Марбургский университет состоял тогда из четырех «коллегий», или факультетов, занимавших несколько зданий. Самое старинное с церковью, построенное еще в XIII веке, занимал богословский факультет. Медицинская и философская коллегии ютились под сводами бывшего францисканского монастыря, где помещалась университетская библиотека, а в многочисленных кельях жили студенты-стипендиаты. В просторном и внушительном здании, принадлежавшем некогда доминиканскому ордену, расположился юридический факультет. Здесь же находилась зала совета профессоров. Для студентов в отдельном доме была устроена общая столовая. Но большинство студентов предпочитало столоваться в частных домах бюргеров, где они проживали, или проводить время в маленьких погребках, или «кнейпах».

Немецкие студенты носили бархатные цветные камзолы, густо напудренные парики с «кошельком» для косы, низкие башмаки с блестящими стразовыми пряжками, шелковые чулки и небольшие шпаги. Длинные трубки, подбитые глаза и иссеченные шрамами сонные лица — таков был привычный облик будущих юристов и богословов.

Немецкие студенты считали своим долгом бушевать и безобразничать. Они ходили шумными ватагами по городу, врывались в церкви во время свадеб и похорон, разбивали купеческие лавки и погреба, устраивали по ночам кошачьи концерты, били стекла в домах, задирали прохожих. Во время уличных схваток созывали на помощь колокольным звоном. Набат не умолкал над городом во время событий вроде избрания проректора или выборов нового члена в ратушу.

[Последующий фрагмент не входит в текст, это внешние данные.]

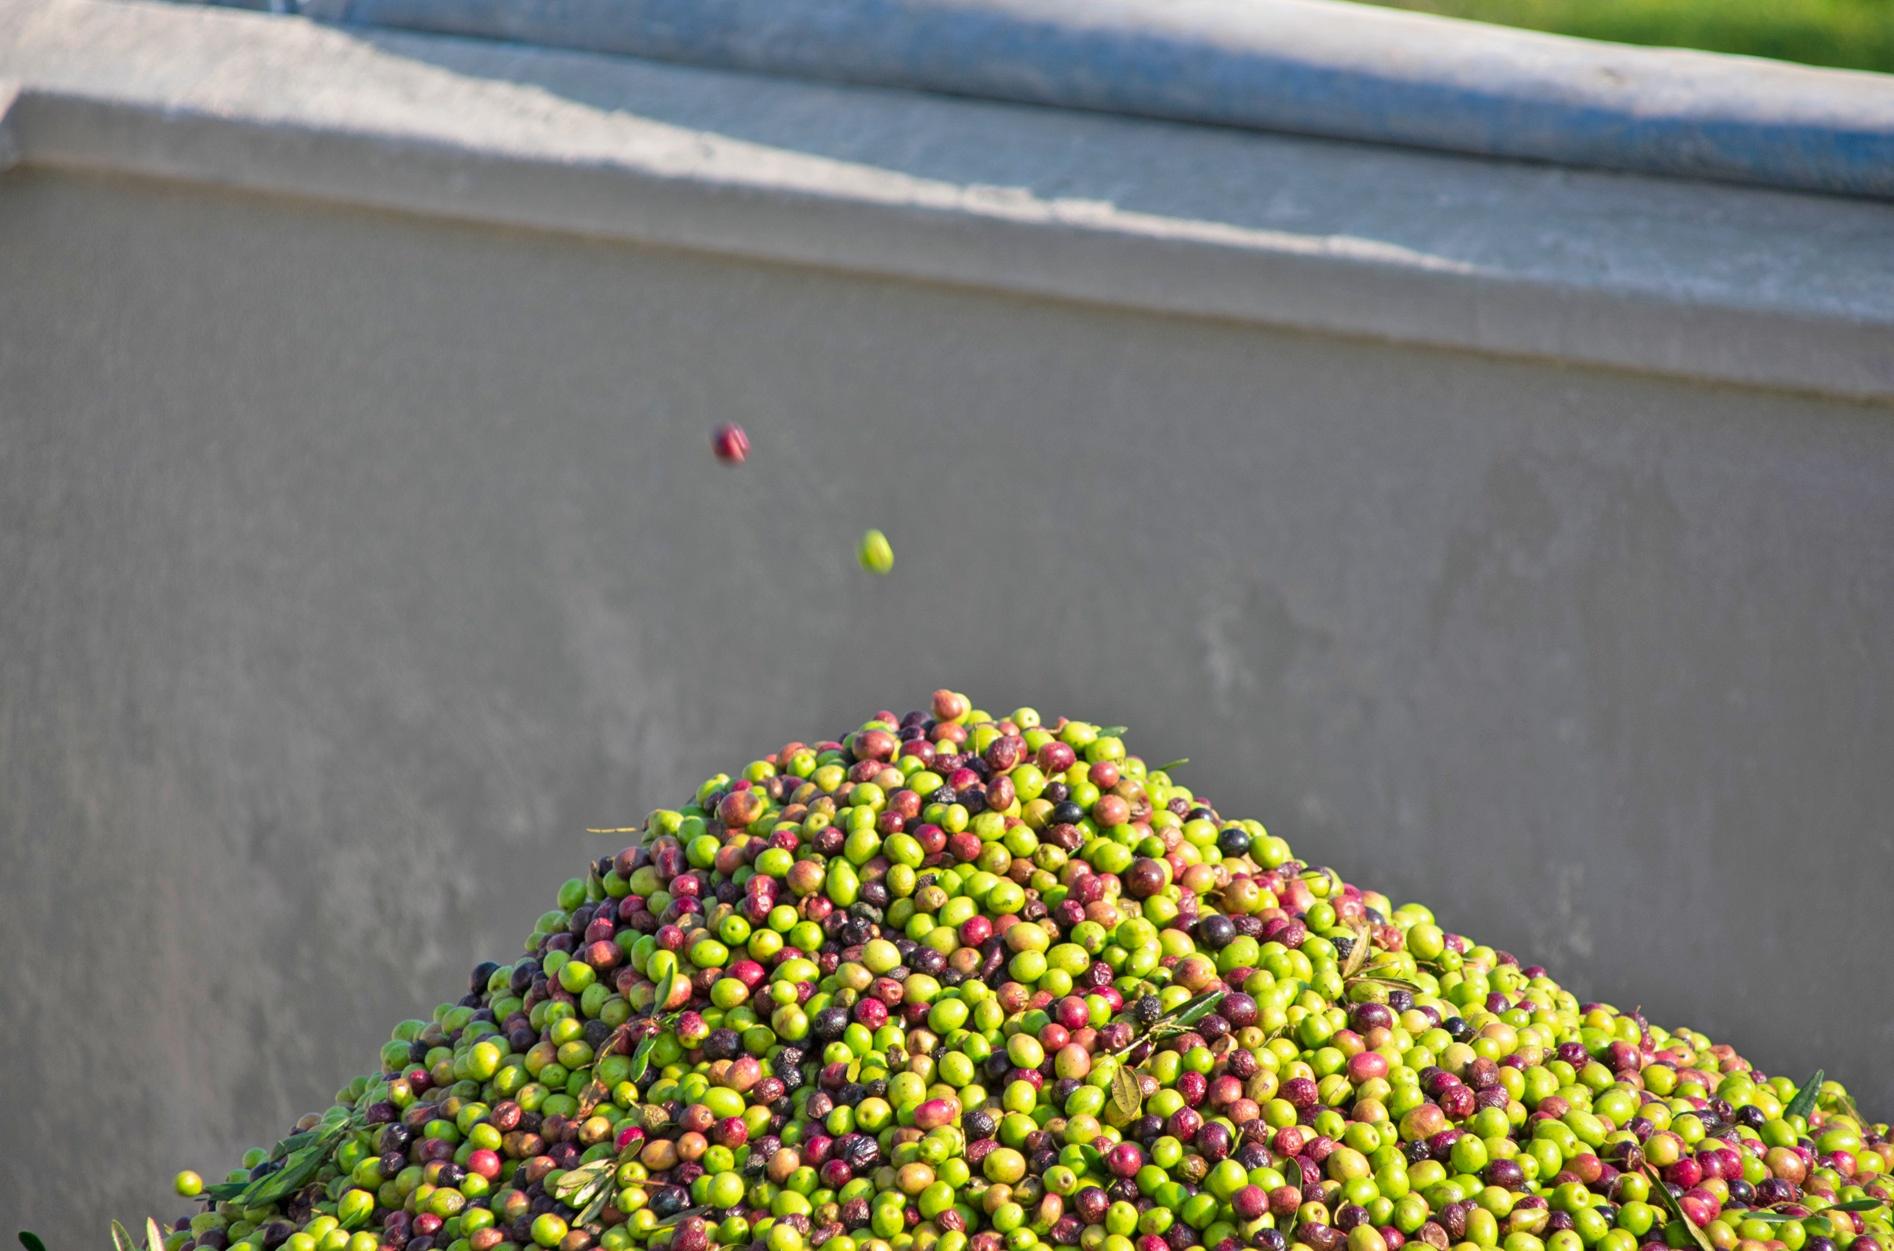 Aljaoliva olivas aceite de oliva virgen extra

В 1727 году торжественно праздновалось двухсотлетие Марбургского университета. Академическая летопись с удовлетворением отметила, что это празднество прошло на редкость чинно и благопристойно, без всяких бесчинств и неприятностей. «В зале обедало около пятисот человек, господа студенты веселились вдоволь, но не произошло ни малейшего несчастья, ни даже беспорядка, за исключением только того, что все стаканы, бутылки, столы, скамьи и окна были разбиты вдребезги, что сделало убытку на двести талеров». В остальном же праздник прошел на удивление благополучно!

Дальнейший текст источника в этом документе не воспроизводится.